Thursday, May 12, 2016: 4:30 PM
Skalkotas Hall (Megaron Athens International Conference Center)
The great relevance of the allergen topic motivates many food analysts to develop sensitive and reliable detection and determination methods. Until today a variety of different analytical approaches are being published. Driven by the effort of the food industry to address risk management for food allergens and the consequent need for allergen tests, some of these techniques are commercially available as so called “kits” and widely used for routine testing (mainly ELISA and PCR). During the recent years this established methods were improved with some success in terms of their analytical properties (sensitivity, accuracy and precision).
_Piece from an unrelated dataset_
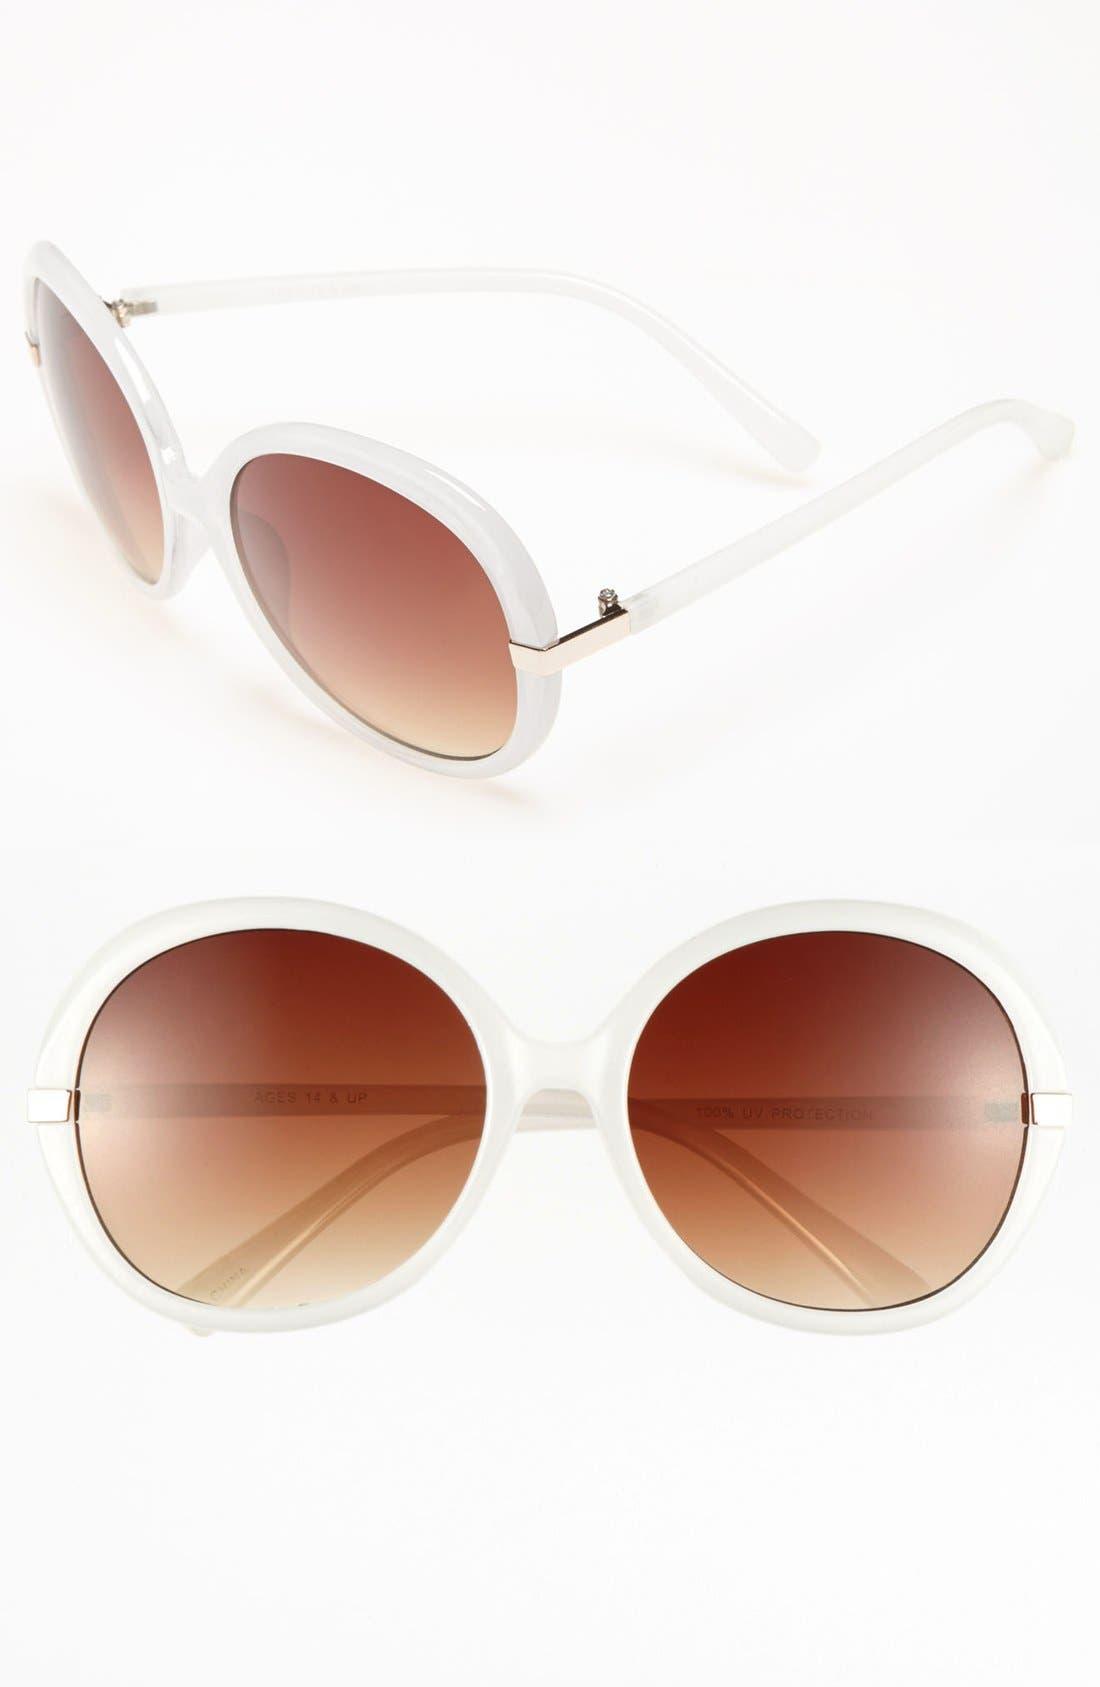 Alternate Image 1 Selected - FE NY 'Brooke' Sunglasses
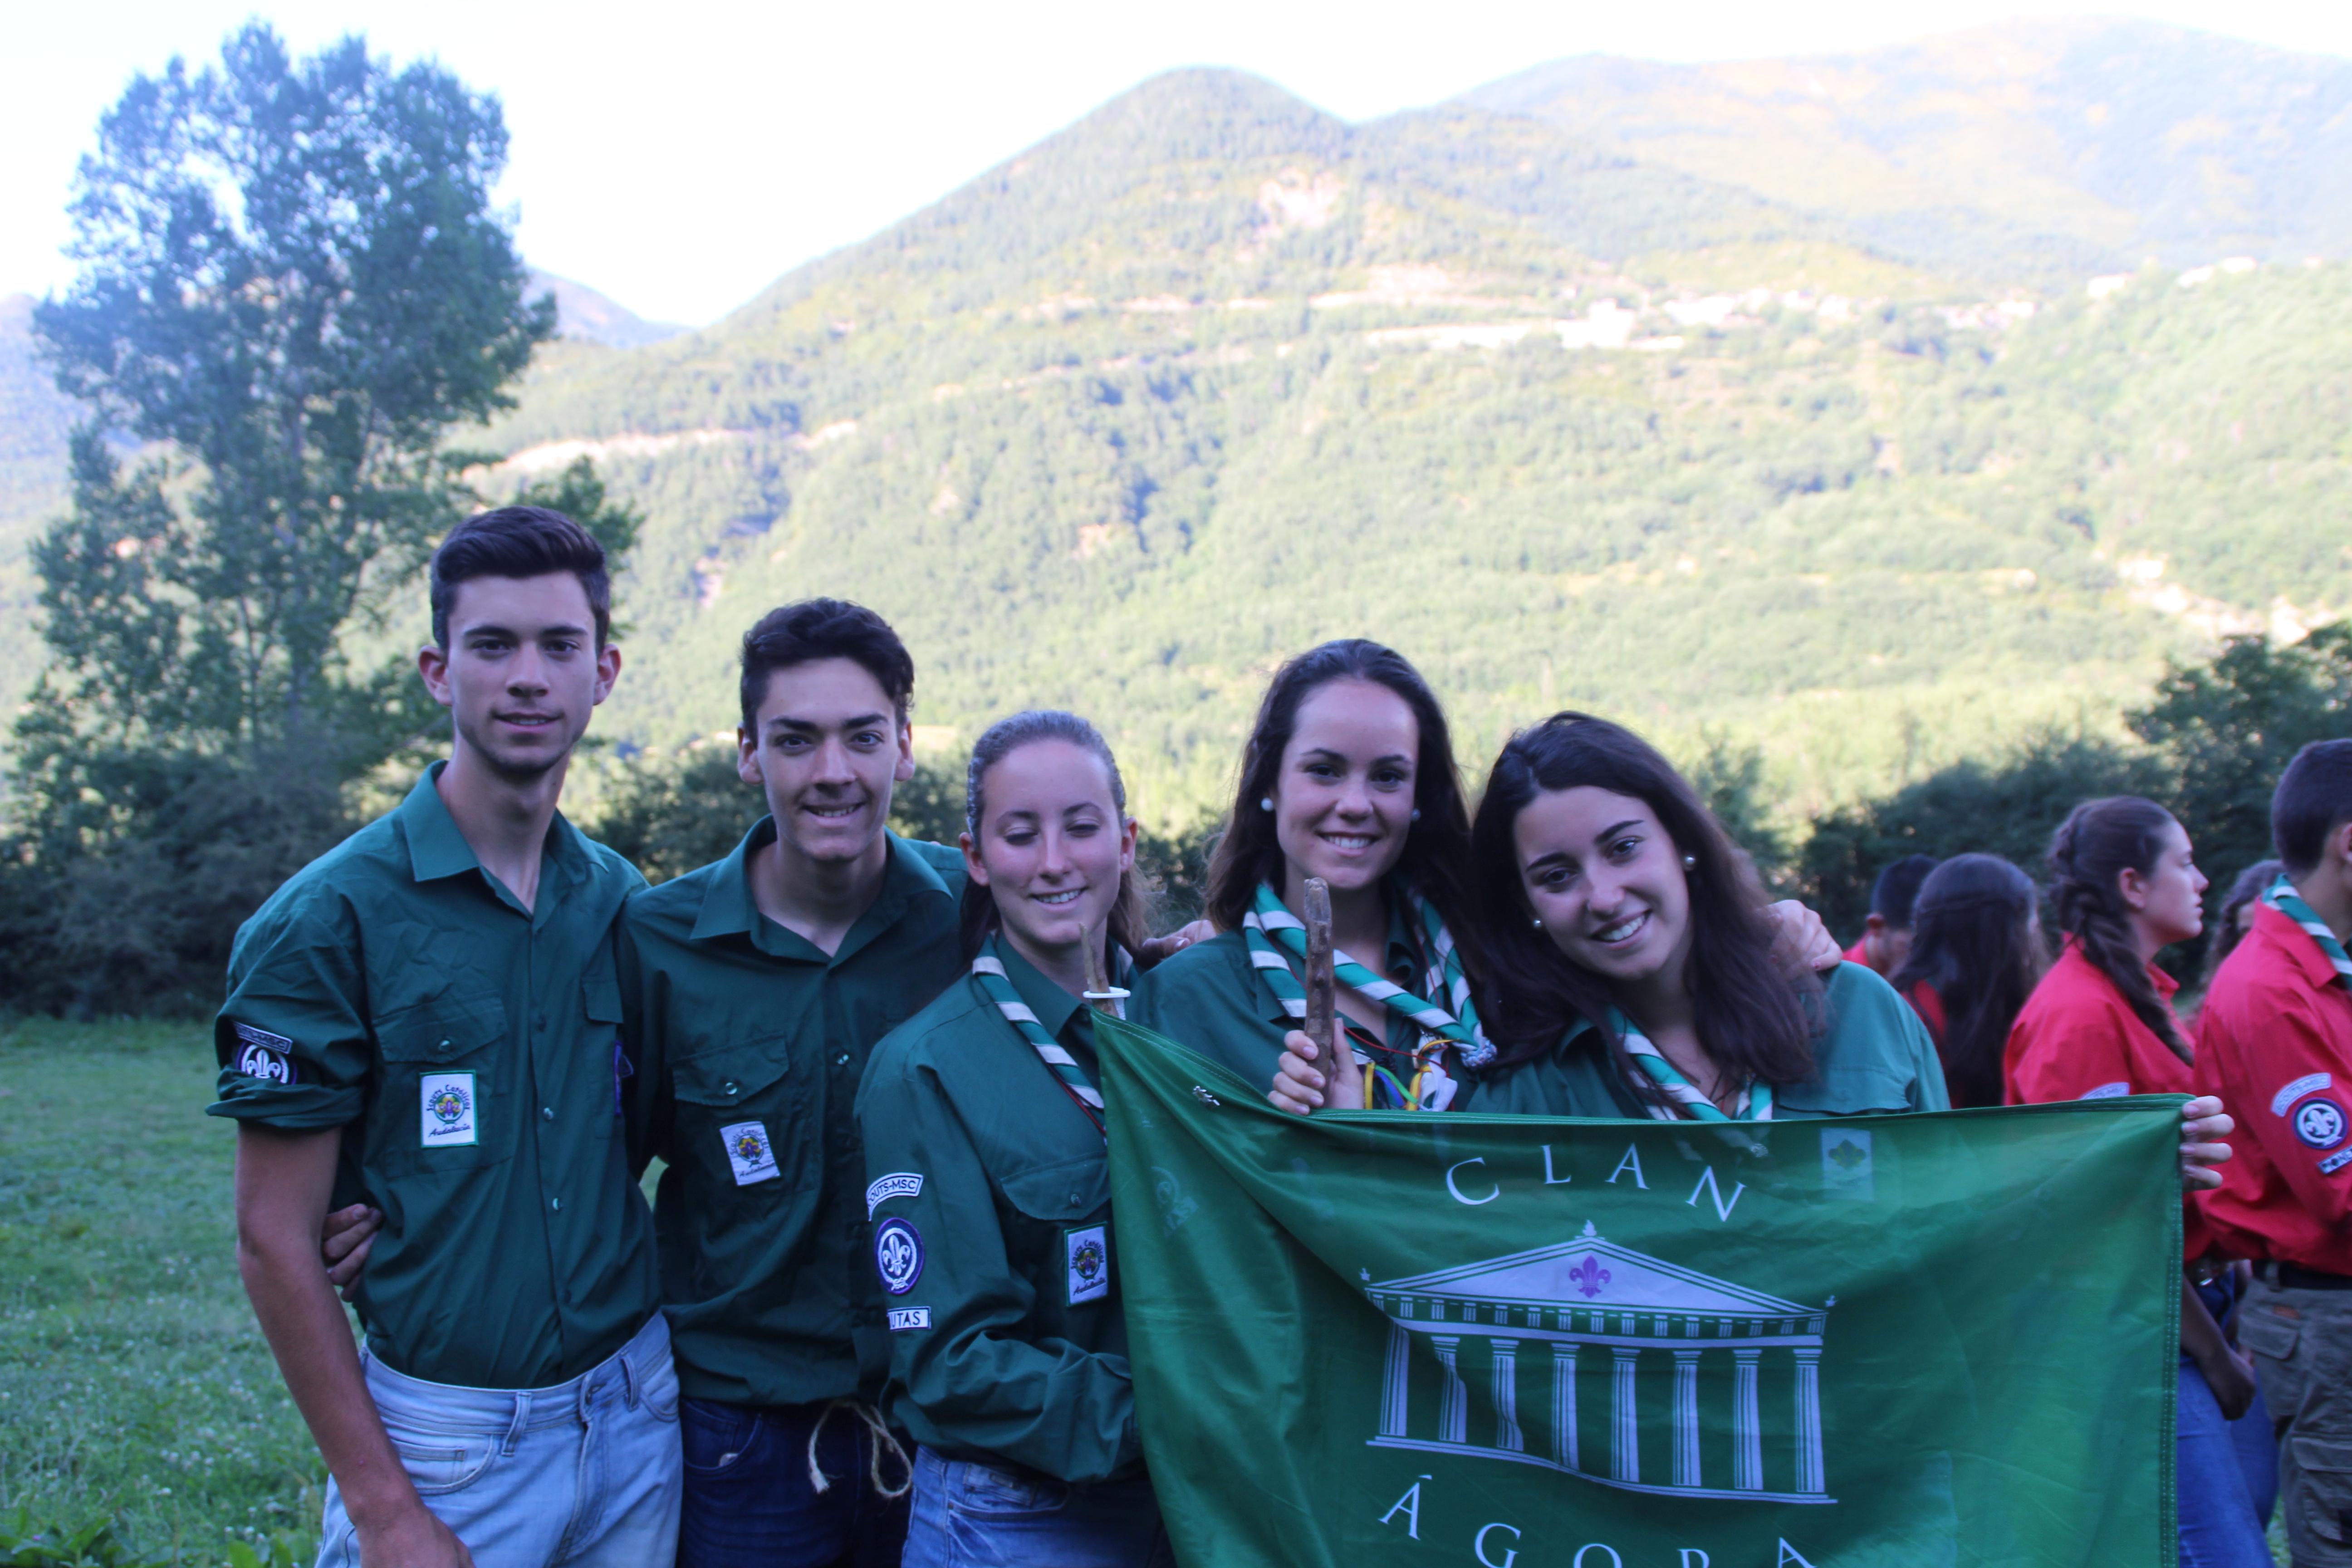 15-16 - Grupo - Campamento de verano - P302

Since the diversity of food products and raw material being tested is constantly increasing, extended matrix validations of the applied method become more and more essential. Therefore the question what might be the “best analytical strategy” is quite context depending. What is the given sample matrix? What is the possible contaminating product? Which test is the most robust in terms of the applied production conditions (heat, pressure, acidity etc.)? Approaches like LC-MS/MS bypass some of the weak points of the established methods by design but also here the development of a robust routine method is difficult and tedious. On the other hand, a consequent risk assessment and transparency along the complete production can make all this choices much easier and improve the value of allergen tests significantly. Given that even complex issues can be resolved with astonishing imperfect techniques.